_INFORMATION PROVIDED_
★ ★ ★ ★

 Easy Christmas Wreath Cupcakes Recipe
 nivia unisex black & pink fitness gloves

★ ★ ★ ★

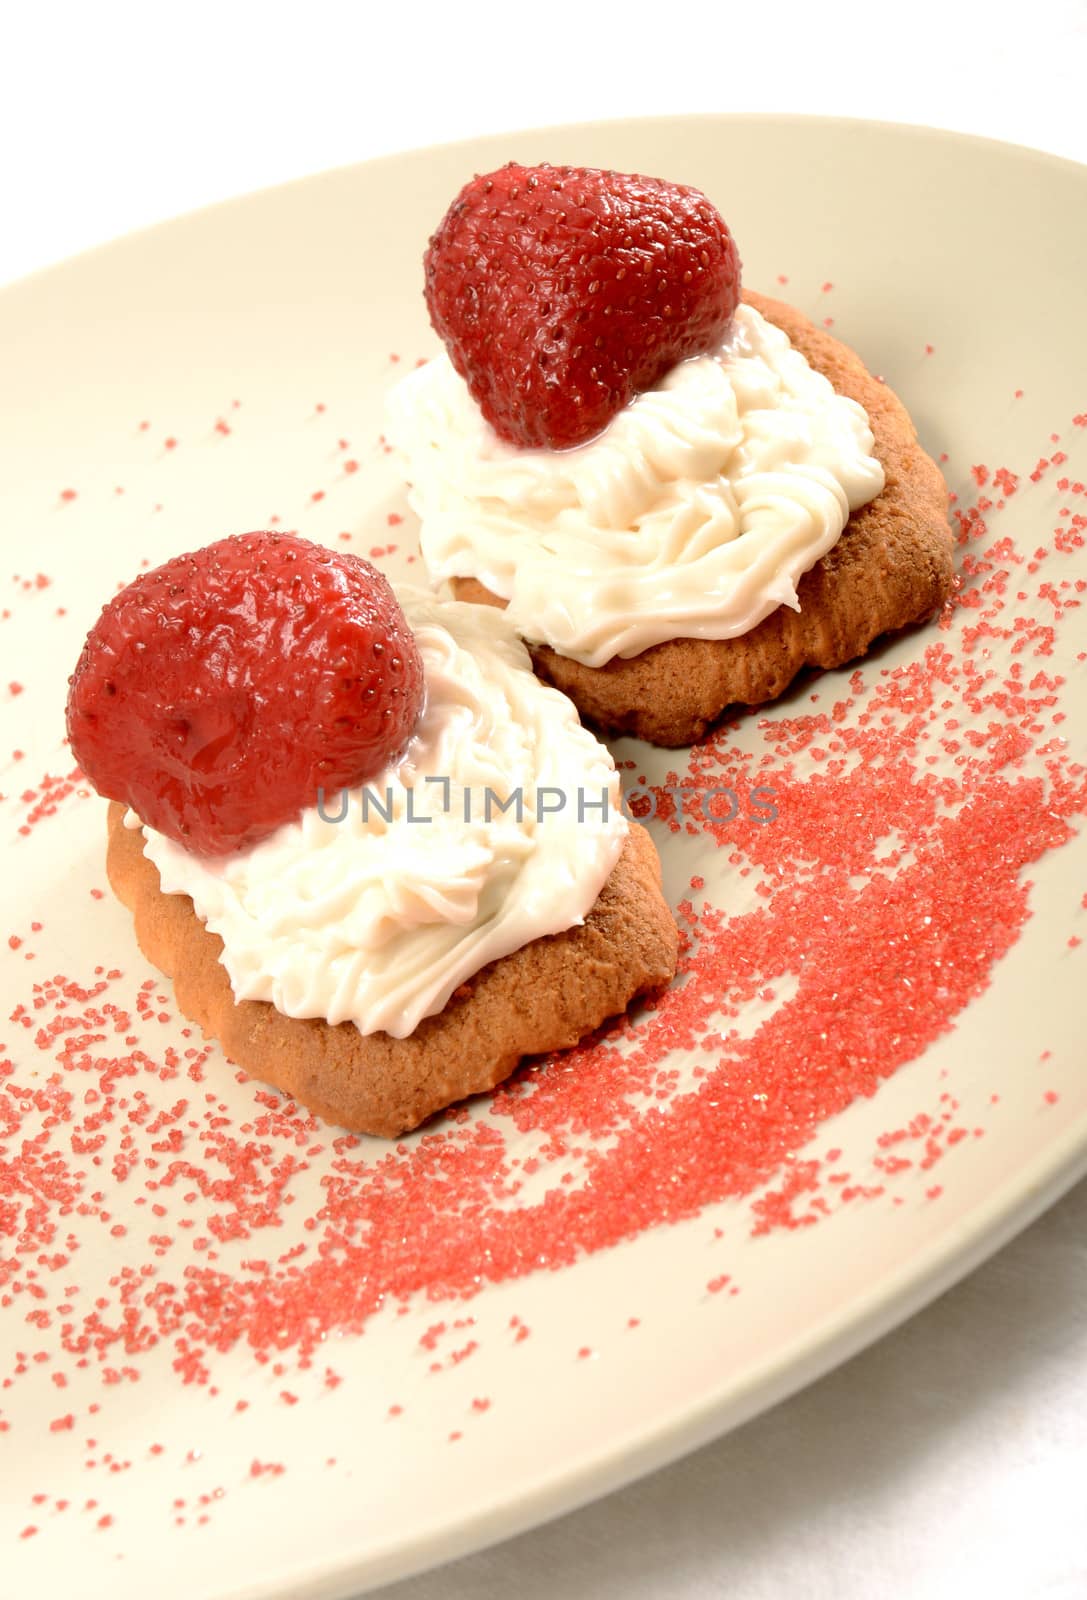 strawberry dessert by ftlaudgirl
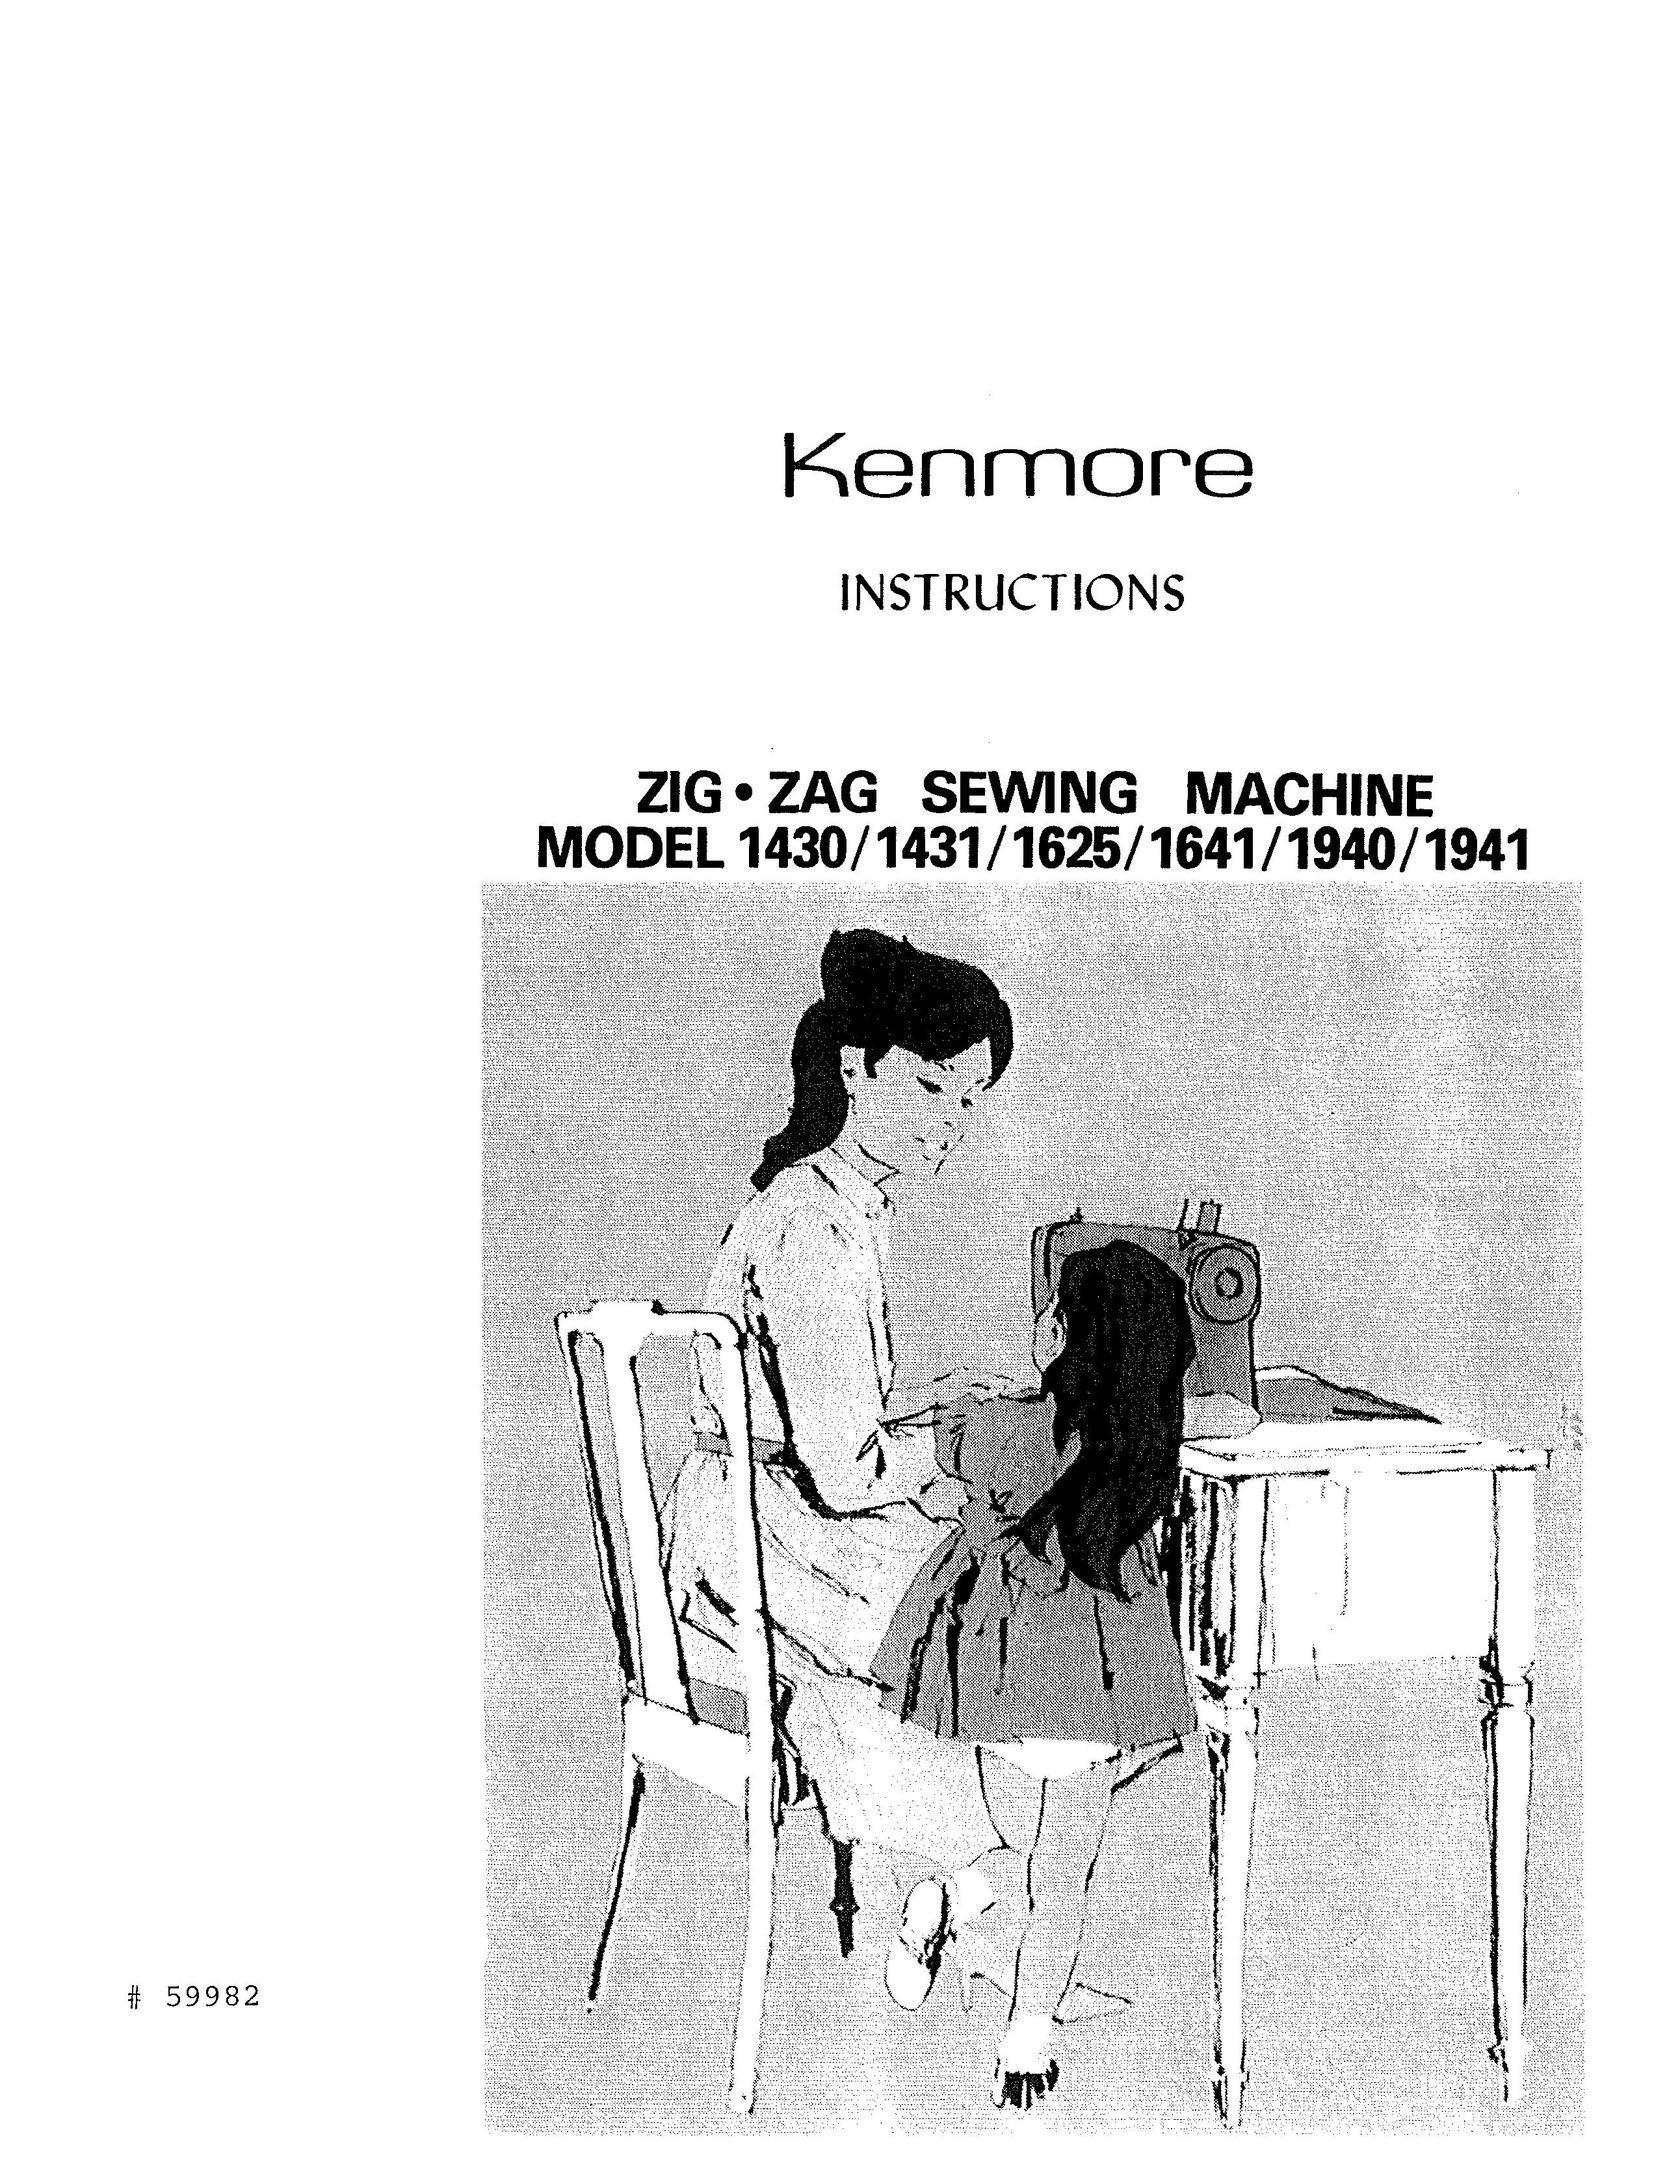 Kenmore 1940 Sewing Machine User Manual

★ ★ ★ ★

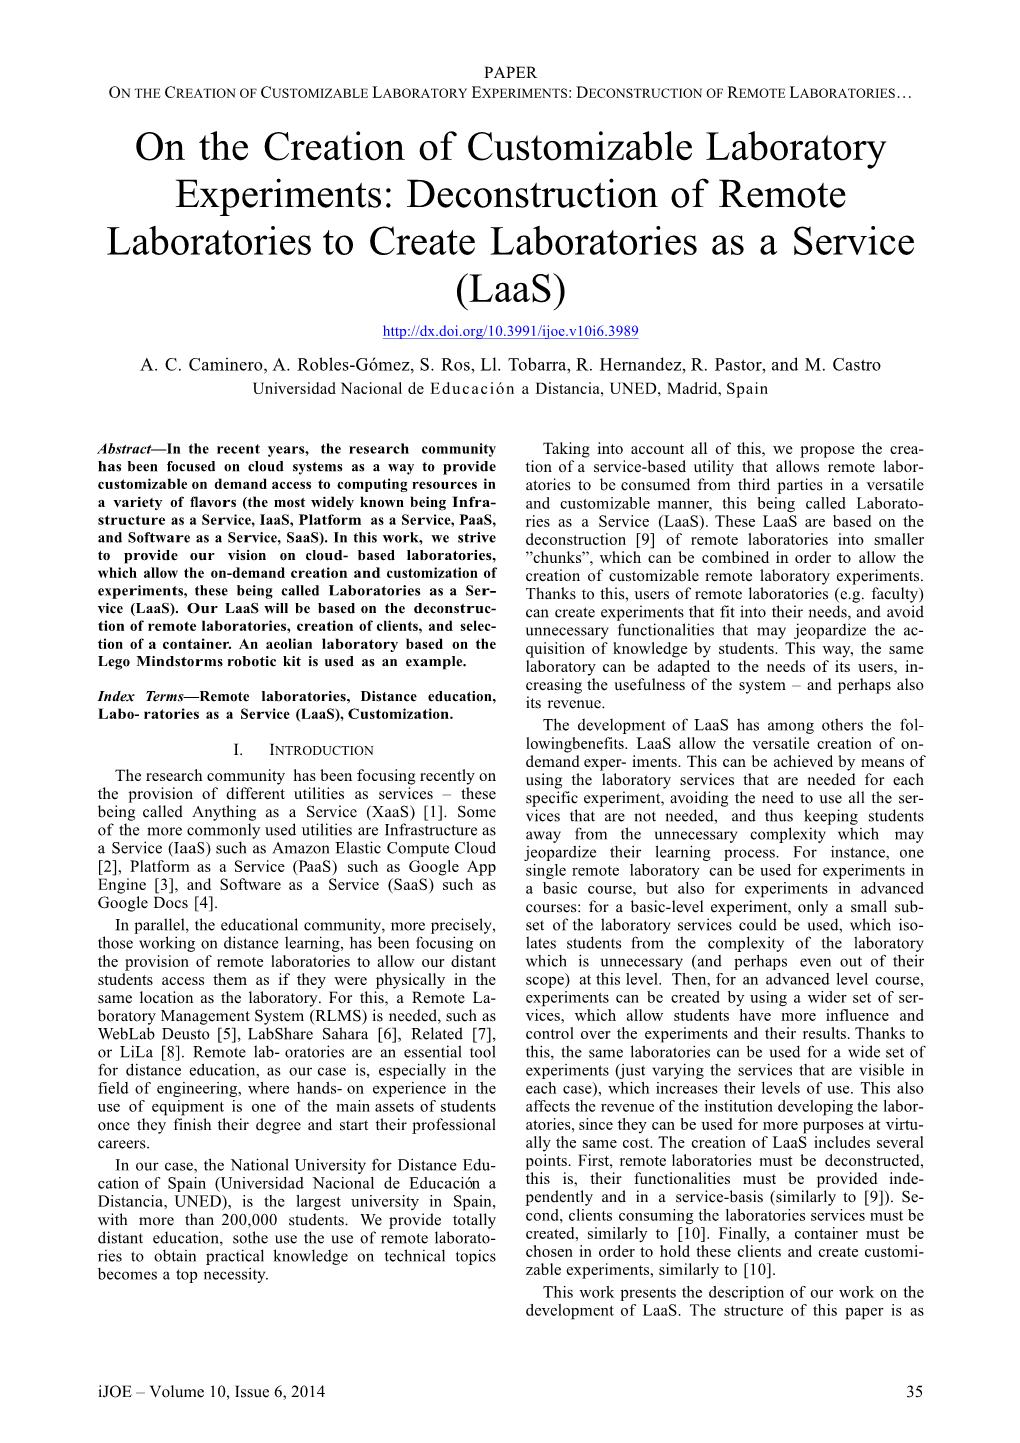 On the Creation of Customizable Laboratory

★ ★ ★ ★

_ASSIGNMENT_
Your answer must be the lines above from the one holding "strawberry dessert by ftlaudgirl" up to and including the one holding "Kenmore 1940 Sewing Machine User Manual", exact and with no pictures.

_EXERCISE OUTPUT_
 strawberry dessert by ftlaudgirl
 Kenmore 1940 Sewing Machine User Manual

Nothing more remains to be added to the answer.